611 Squadron continued to cover the bombers as S/Ldr. Bretz dived to attack followed by his squadron. During the engagement over the Yvetot area, 402 lost height and were at 22,000ft when a further 40 FW190’s joined the melee. As the bombers and their escort were already well out to sea, 402 sought to return to England as best they could, but lost two pilots – Gerry MacKay, last seen diving into the first attack, and Flight Sergeant Victor Howard Miller, last seen spinning down at 24,000ft over Bolbec. The rest of 402 made it back to England, one aircraft landed at West Malling, and two crash-landed, one at Ripe (pilot uninjured, possibly P/O Magee in Spitfire IX BS123) the other back at Kenley, (F/Lt. Bland badly wounded in Spitfire IX, BS198). F/Lt. Keltie also made it back to Kenley, and was surprised to find he could stand – his flying boot was full of blood. He and F/Lt. Bland were taken by ambulance to an emergency hospital, probably St. Lawrence’s, Caterham, as Keltie refers to it being in “the wing of an insane asylum that was down the hill from Kenley airport.”
For 402’s losses and injuries, Bretz and Bland both claimed an FW190 destroyed, P/O Keene and F/Lt.

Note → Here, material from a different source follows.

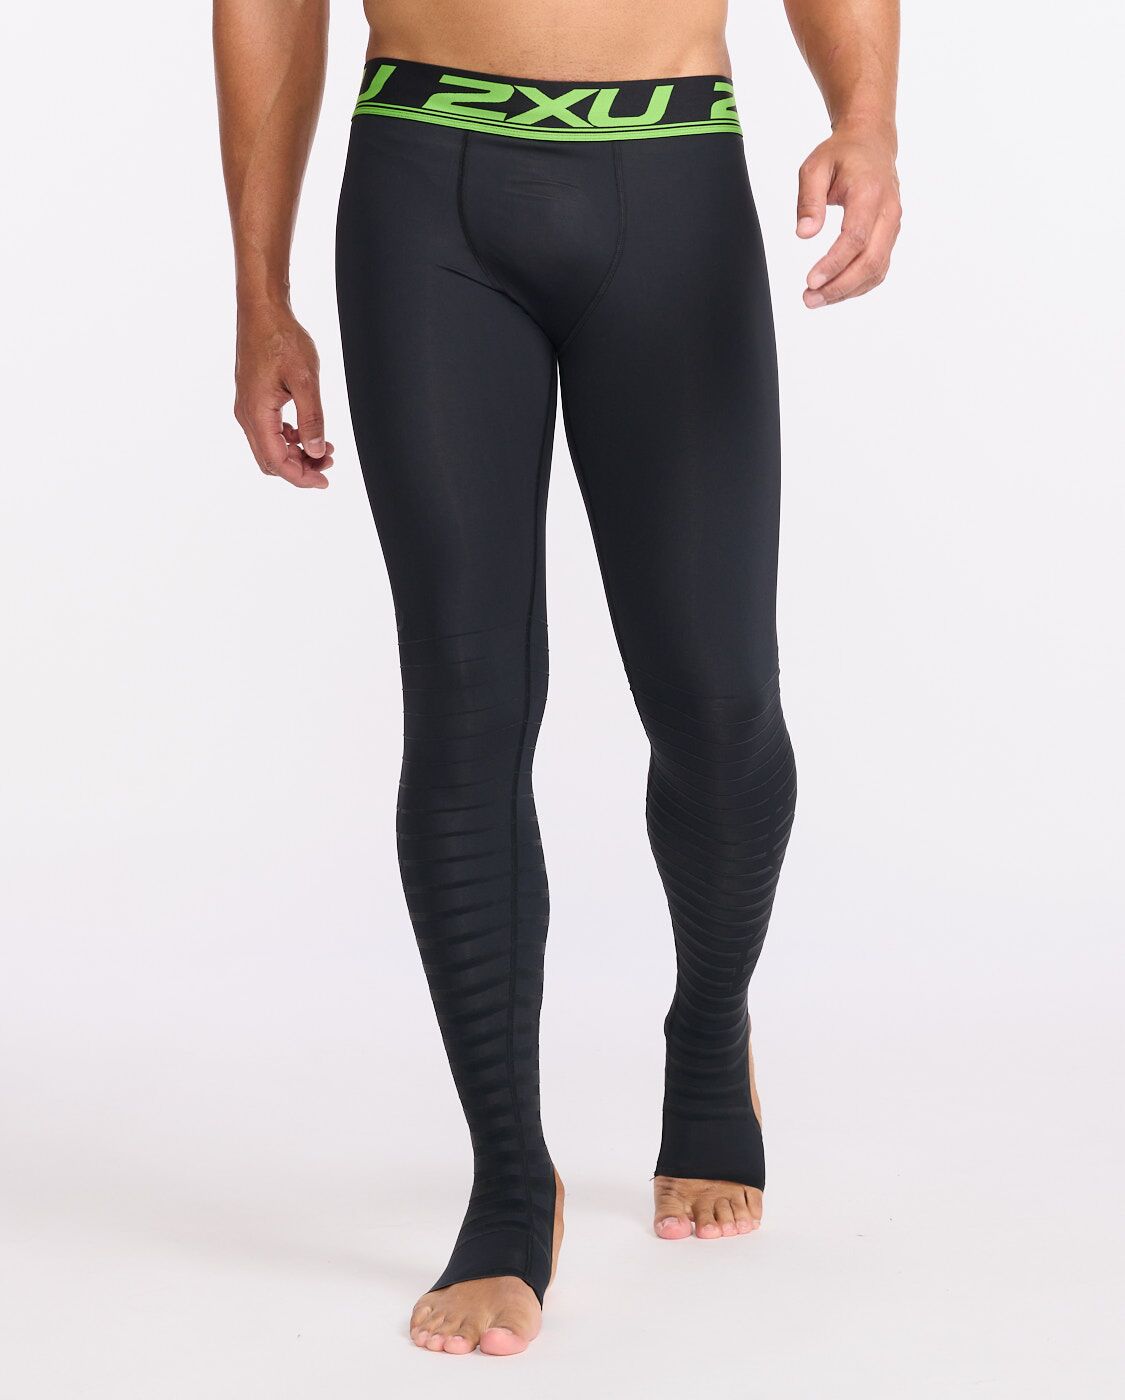 Power Recovery compression Tights
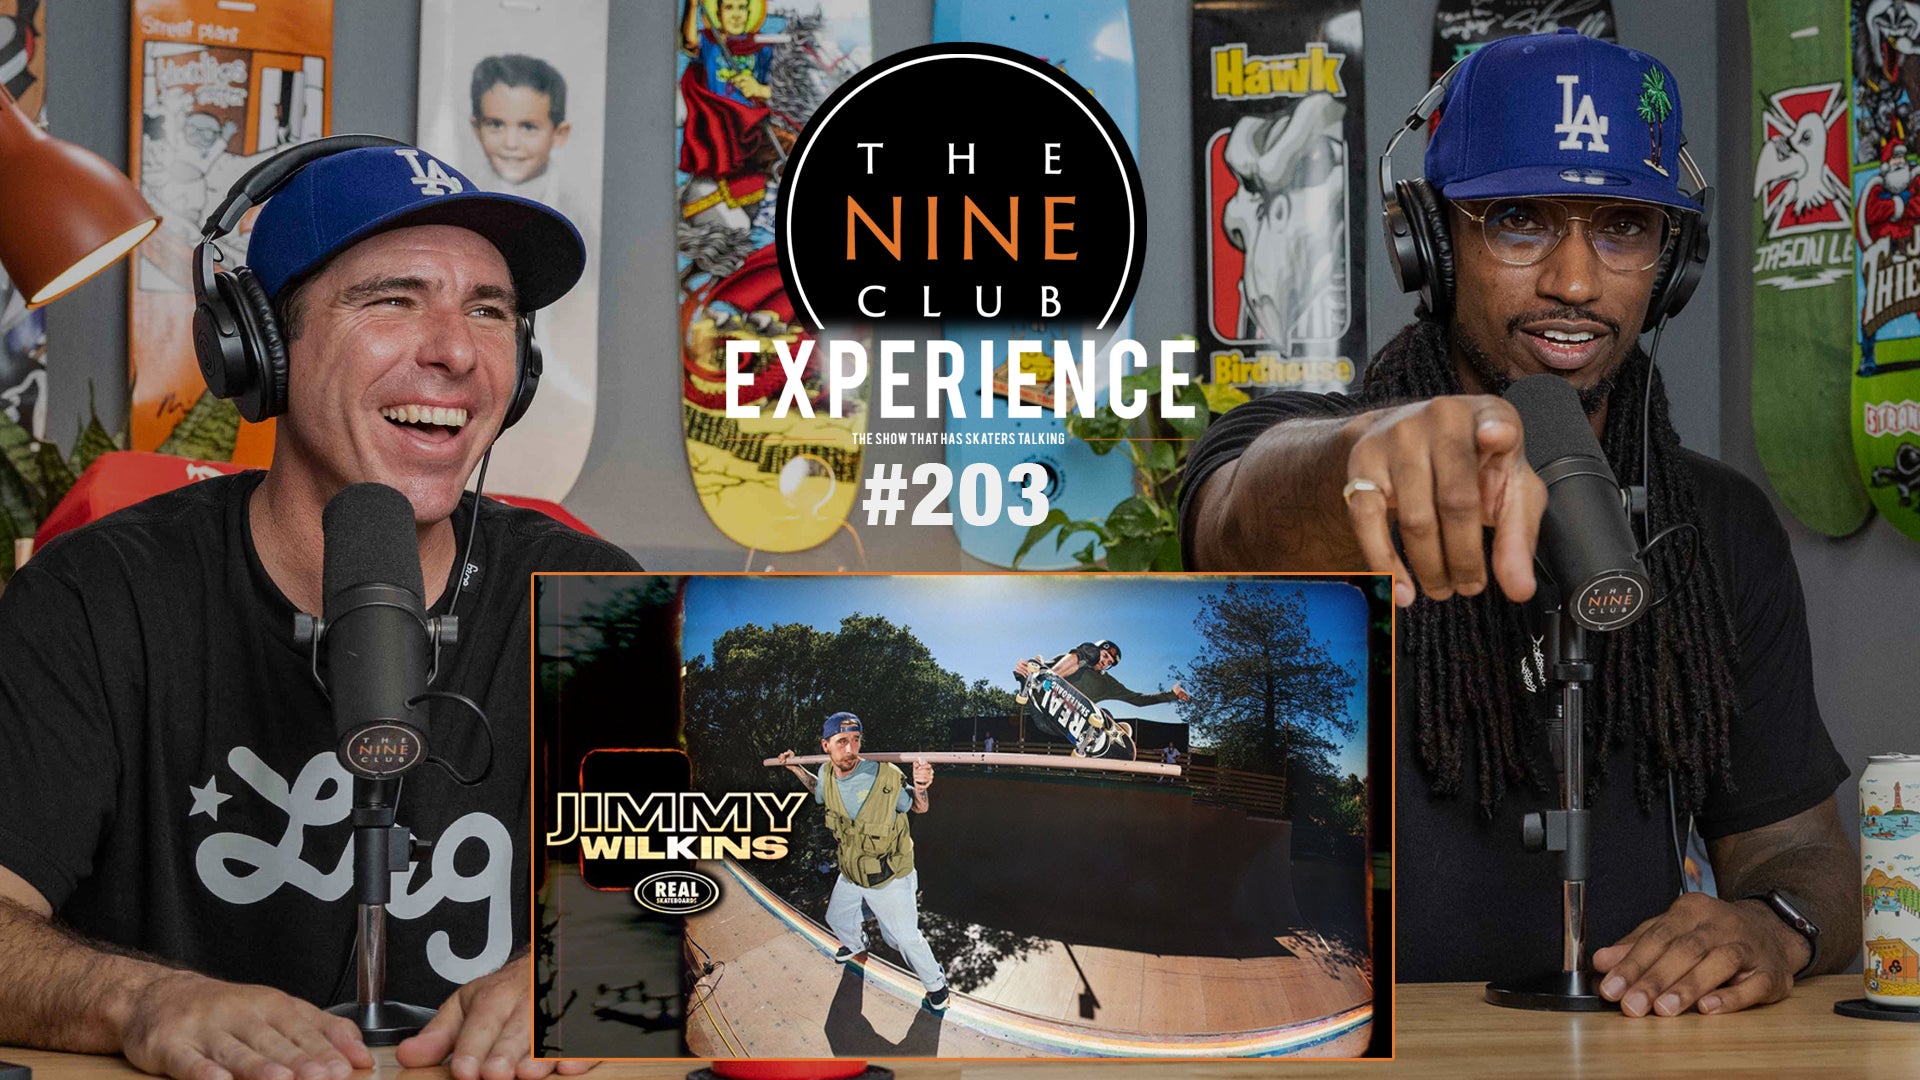 EXPERIENCE #203 - REAL Welcomes Jimmy Wilkins, How To Reset If You’re Having A Bad Session

Compton claimed ‘probables’ – four other pilots claimed to have each damaged a FW190.
On 4th September, S/Ldr. Bretz wrote to Gerry’s Father, Dr. MacKay, to add more detail to the terrible news that his son was “missing,” explaining that Gerry and his wingman were “last seen attacking 3 FW190’s,” during the “severe dogfights” of 24th August. He held out some hope:
One Spitfire was seen going down, apparently under control, into France. Another Spitfire was seen to crash into the sea about five miles north of Fecamp. Gerry could quite well have been in one of these. There is a good possibility that he may be reported Prisoner of War.
However, at the end of October, Gerry’s wife, Edith, received the news that she must have been dreading – information received from the International Red Cross indicated that MacKay had been killed on 24th August. She was heavily pregnant and all hopes of being reunited with her husband were extinguished. Her baby daughter, aptly named Geraldine, was born on 30th November, 1942.
Perhaps MacKay’s Spitfire was the one that Bretz described as heading towards France “apparently under control” – paperwork from the Missing Research and Enquiry Units in 1947 states that BS122 crashed at Blosseville-sur-Mer, and the pilot, MacKay, was laid to rest at St. Valery-en-Caux. He lies alongside Sgt. Victor Howard Miller, his wingman, killed on the same sortie.
‘Norm’ Bretz, who had served alongside Gerry since his earliest days with 402 Squadron, described him as:
…one of the best pilots this Squadron has ever had.
Rest in peace Sir and thank you for your service.